一方、外付けHDDの販売数量は外付けSSDを上回っている。21年1月は356.3と外付けSSDの3倍以上の需要だった。その後は上下動が激しく、長いスパンでみると右肩下がりで推移。23年3月には、3年間で最低の134.6を記録した。外付けHDDは毎年12月に需要のピークを迎えるため、12月の指数を比較すると、21年は318.5、22年は279.2、23年は217.1と指数は年々落ち込んでいる。そして、21年1月には外付けSSDと3倍の差があった指数も、23年12月には2倍弱までに狭まっていることがデータから明らかになった。

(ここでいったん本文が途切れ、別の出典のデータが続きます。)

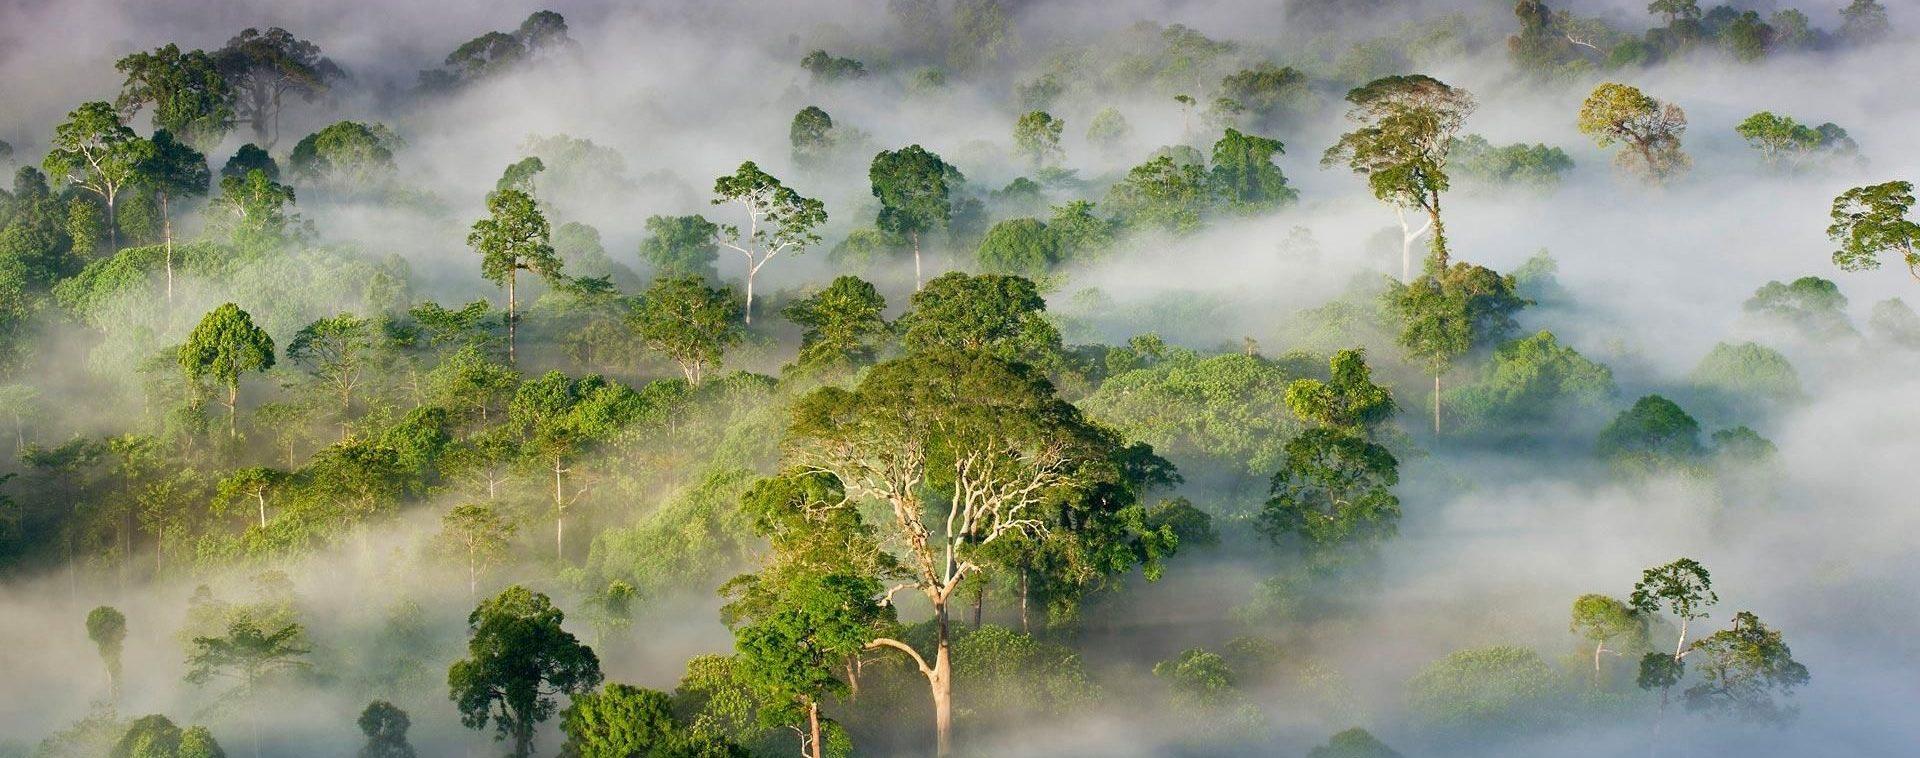 PhotoFly Travel Club | danum-valley-fog | PhotoFly Travel Club

次に、22年1月から23年12月までのメーカー別販売数量シェアの推移をそれぞれ見ていく。まず、外付けSSDのメーカー別販売数量シェアでは、首位のバッファローが3割後半から5割程のシェアを占めている。WesternDigitalは2割前後でバッファローを追いかけていたが、23年に入ってからは1割台後半と22年ほどのシェアを稼げていないのが実状だ。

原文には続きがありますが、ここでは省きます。